In plants, many R2R3-MYB genes are related to abiotic stress [13]. For example, tomato MYB49 enhanced resistance to water deficit and FtMYB13 from Tartary buckwheat improved drought tolerance in Arabidopsis [41,42].To investigate the regulatory roles of R2R3-MYB genes in T. hemsleyanum under different water stress, we mapped their expression profiles. As is shown in Figure 3, the results suggest that the R2R3-MYB genes showed diverse expression patterns among drought and waterlogging stages. Most R2R3-MYB genes displayed higher expression profiles under a drought condition, and a handful of R2R3-MYB genes were un-regulated under waterlogging stress as well.

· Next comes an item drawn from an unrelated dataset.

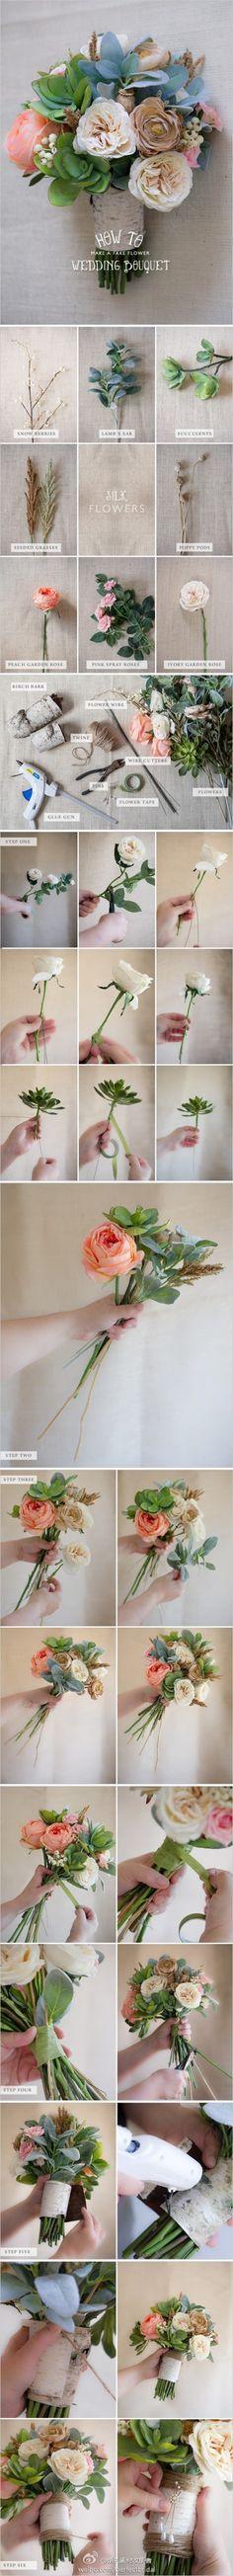 How to make own wedding bouquet, Cool Flower Crafts , Paper Crafts for Teens , paper, craft, flower,wrap, gift, decor,blumen,basteln,bastelvorlage,tutorial diy, spring kids crafts, paper flowers, handmade weddi
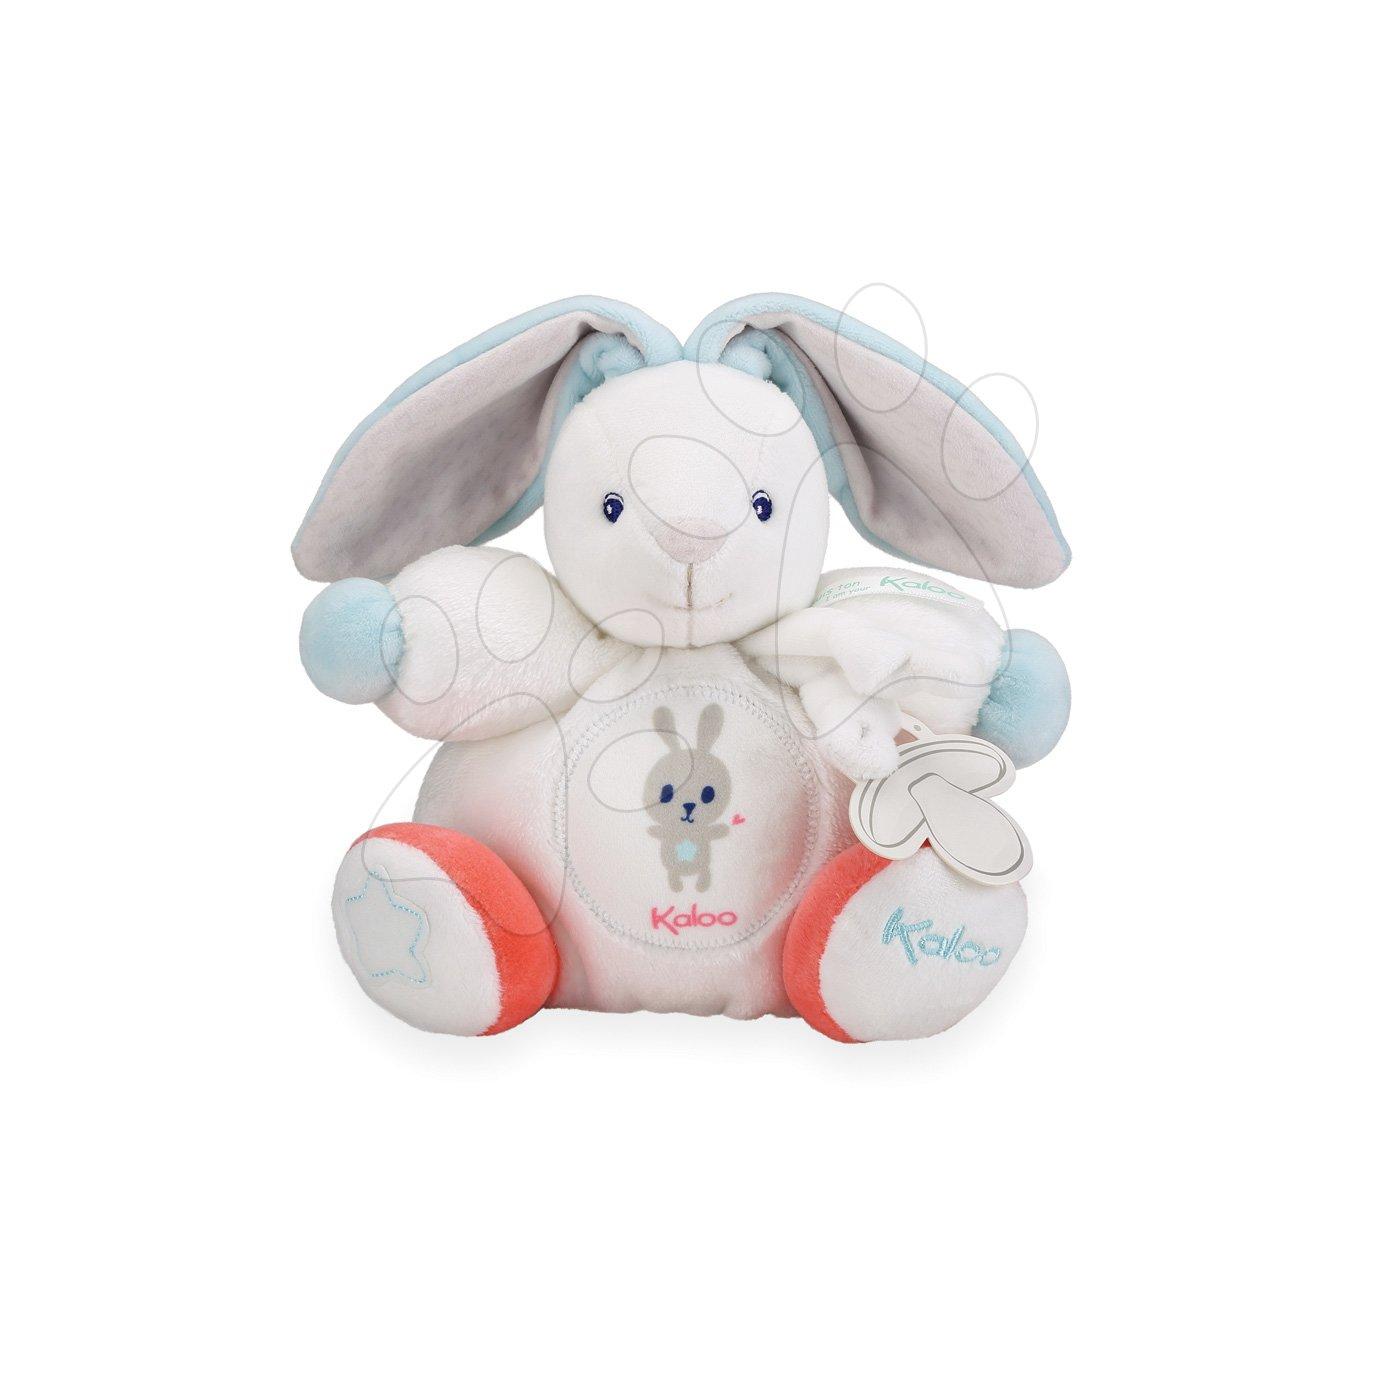 Plyšový zajac Imagine Chubby Kaloo svetielkujúci v darčekovom balení 18 cm biely

In Figure 3A, the genes, ThMYB7, ThMYB24, ThMYB12, ThMYB8, ThMYB23, ThMYB18, ThMYB26, ThMYB15, ThMYB9, ThMYB2, ThMYB14, ThMYB20, and ThMYB3 were significantly different between the control group and the experimental group, whose expression levels were all increased. Three genes, ThMYB22, ThMYB1, and ThMYB21, showed no expression in the leaves. On the other side, in Figure 3B, the expression of ThMYB4, ThMYB1, ThMYB21, ThMYB22, ThMYB14, ThMYB23, ThMYB5, and ThMYB15 were upregulated. Comparing the expression of R2R3-MYB genes in different water treatments, we could find significant differences, suggesting that specific R2R3-MYB genes may function on different water stresses. Collectively, these results imply that these R2R3-MYB genes responded to water stress in T. hemsleyanum and provide further evidence for determining R2R3-MYB as potential regulators.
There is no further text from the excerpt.